И вдруг прижалась боязливо, с какой-то лихорадочной порывистостью, словно хотела спрятаться, скрыться, раствориться в нем, и, захлебываясь, говорила: «Алеша, смерть, кровь, ампутации... Больше не могу. Понимаю, что надо, но не могу. Кончится война — ни за что не буду медиком. По ночам все будет сниться. Как сейчас. Вот проснулась в поту, трясусь, все в кровавом месиве... Не могу, не могу...»
И расплакалась, нервно, неудержимо. Успокоил ее с трудом.
А вот теперь... Разве это утешение, что и других война не пожалела и другим оставила разные «родимые» пятна? Разные... Потому что и люди разные: один крепче, другой слабее. Человеки... И ты сам крепок ли духом, верой?
«Да не в тебе дело, черт возьми! — выругал он себя. — Эгоизмом отдает. Тогда она спасла тебе жизнь, она — вместе с Метельниковым-старшим. А чем ты ей отплатил? Любовью, например, за любовь? Беззаветной, безмерной привязанностью? Или хотя бы просто облегчил ей участь? Предложил в детсад медсестрой, забыв о тех ее словах-клятве. Что ж, есть оправдание: некогда было все эти годы — сначала учеба,- потом работа в Кара-Суе, теперь здесь, в Егоровске. Ничего не сделал... Ничего!»

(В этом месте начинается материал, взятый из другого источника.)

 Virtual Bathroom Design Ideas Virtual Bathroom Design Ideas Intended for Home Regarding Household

Слово «ничего» прозвучало в нем, как выстрел. Он остановился прямо на тротуаре, как шел, так и встал, и люди, обходя его, оглядывались: что с подполковником?
А он лихорадочно думал: «Нет, надо немедленно везти ее в Москву. Может, завтра, послезавтра? Только так!»

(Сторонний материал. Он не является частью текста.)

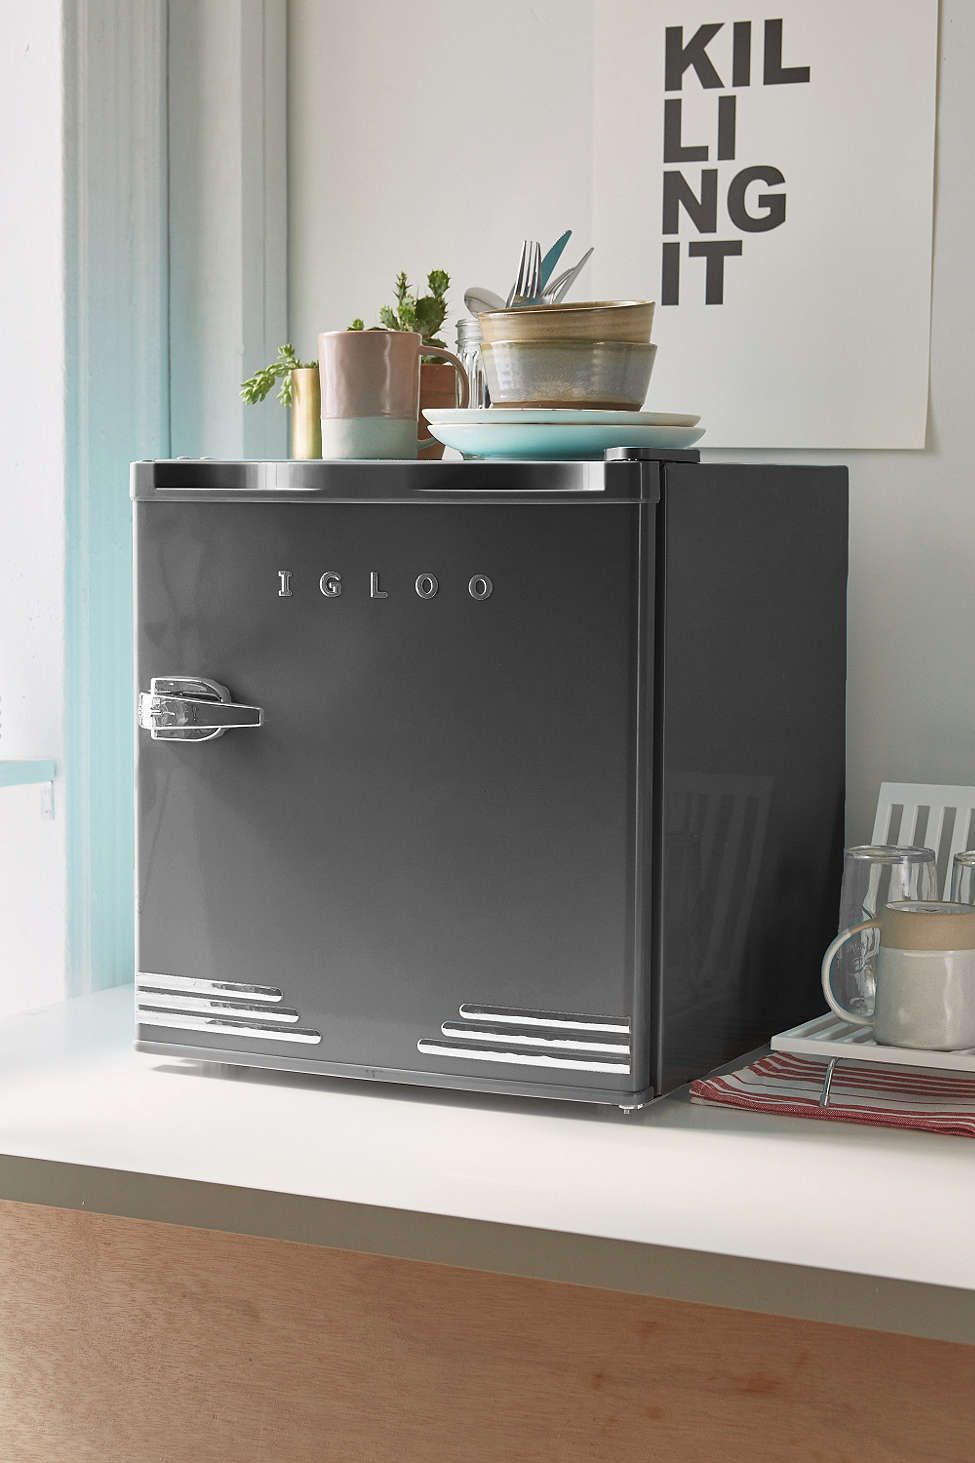 office mini refrigerator. Igloo Mini Refrigerator Office Z

Поезд едва тащился, подолгу стоял на каждой станции. Фурашов лежал на второй полке, с тоскливой мрачностью ругал и поезд и себя: какого черта не сел на скорый, проходящий, — был бы в Егоровске ночью, а не утром.
Пахнувший карболкой вагон резко покачивался, трясся на жестких рессорах, скрипел, и от этого скрипа, тряски, все поглотившей темени за окном начинало казаться, что вагон летит под гору.

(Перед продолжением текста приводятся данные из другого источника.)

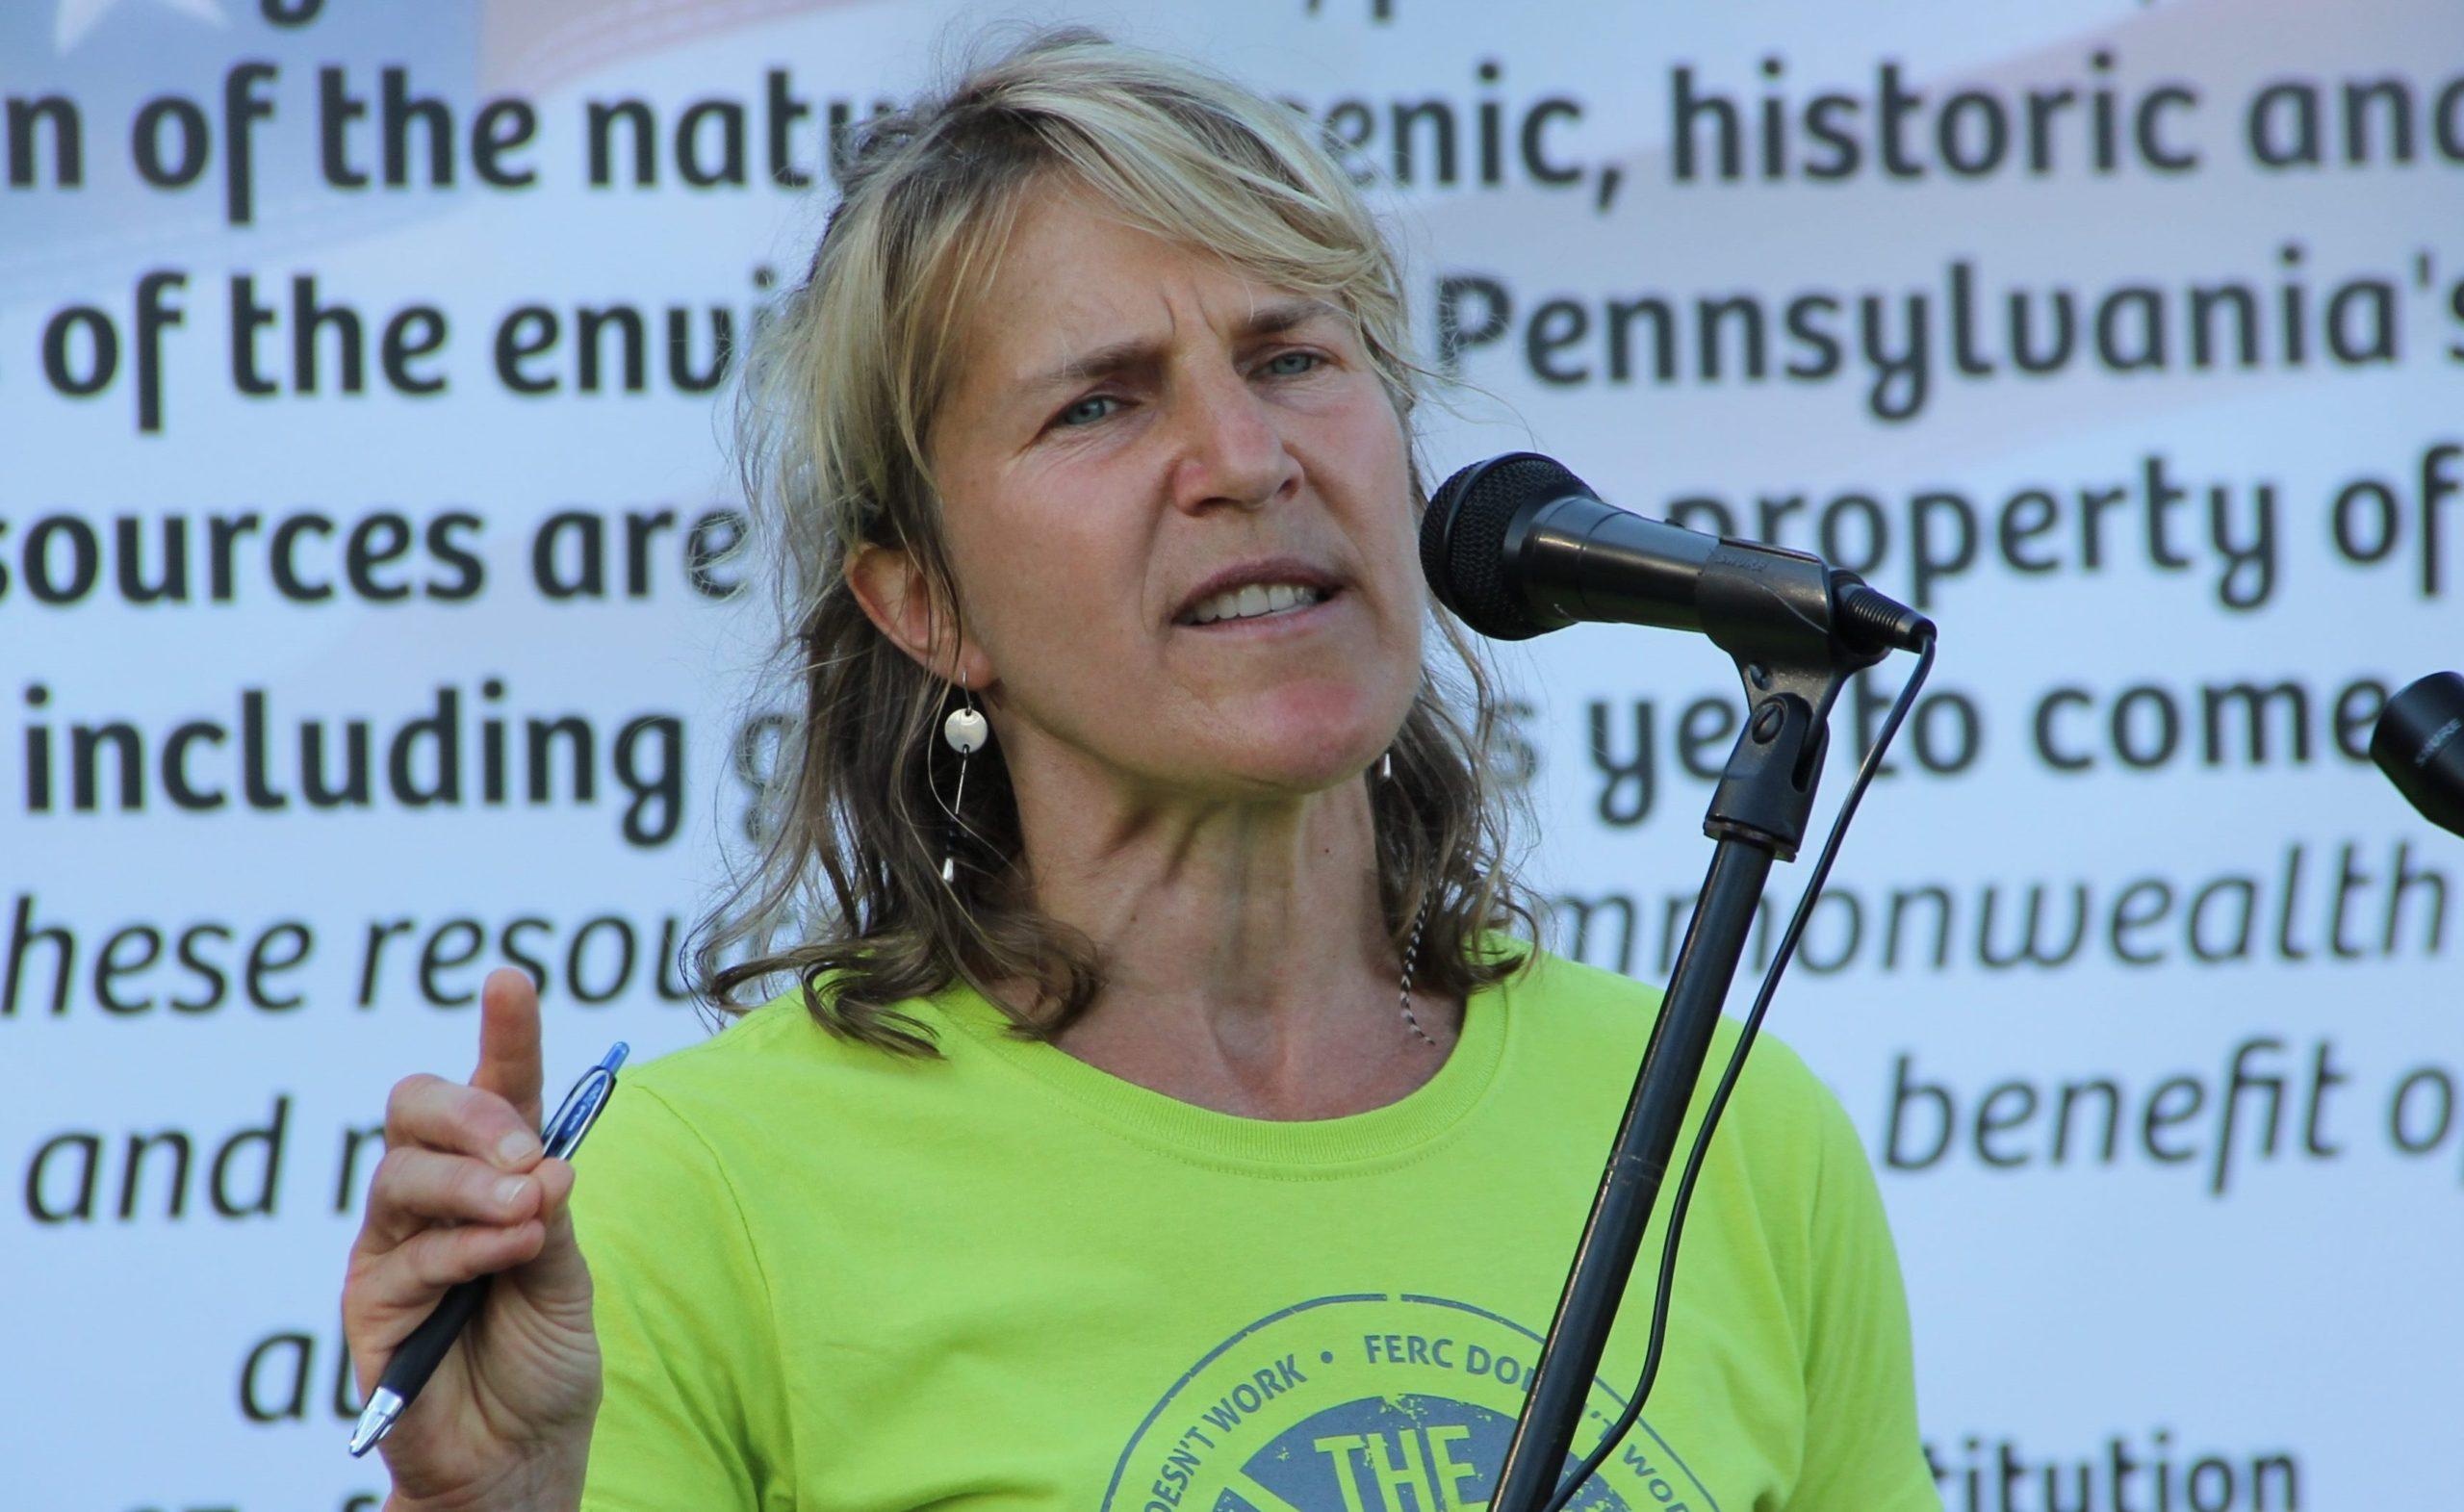 Environmental Rights Attorney: Pass the Green Amendment

Внизу, на столике, железная лампа на массивной подставке, с красным матерчатым абажуром, — гнетущая багряность разлилась в купе. За столиком трое — двое мужчин и женщина — едят, переговариваются, лица тоже огненные, будто густо нагримированные.
Фурашов прикрыл глаза, поворочался; беспокойство, смутная тревога не покидали его; сейчас, в поезде, тревожное состояние усилилось, он не находил себе места и за эти три часа в вагоне то брался читать, то выходил в коридор, в тамбур, но избавиться от тоски и тревоги не мог. Чутье словно подсказывало ему: быстрей в Егоровск, домой.
Лежать наконец стало невмоготу: надо подняться, выйти из купе, вообще двигаться. Он посмотрел на часы, в багряном отблеске отметил: без десяти одиннадцать. Поезд стоял на каком-то полустанке; в окне ни огонька, антрацитовая темень. Фурашов спустился с полки, отдернул ржаво скрипнувшую на металлических роликах дверь. Позади пассажиры примолкли, смотрели вслед. А-а, черт, лучше бы уж накричали, обругали, — мол, мешаю...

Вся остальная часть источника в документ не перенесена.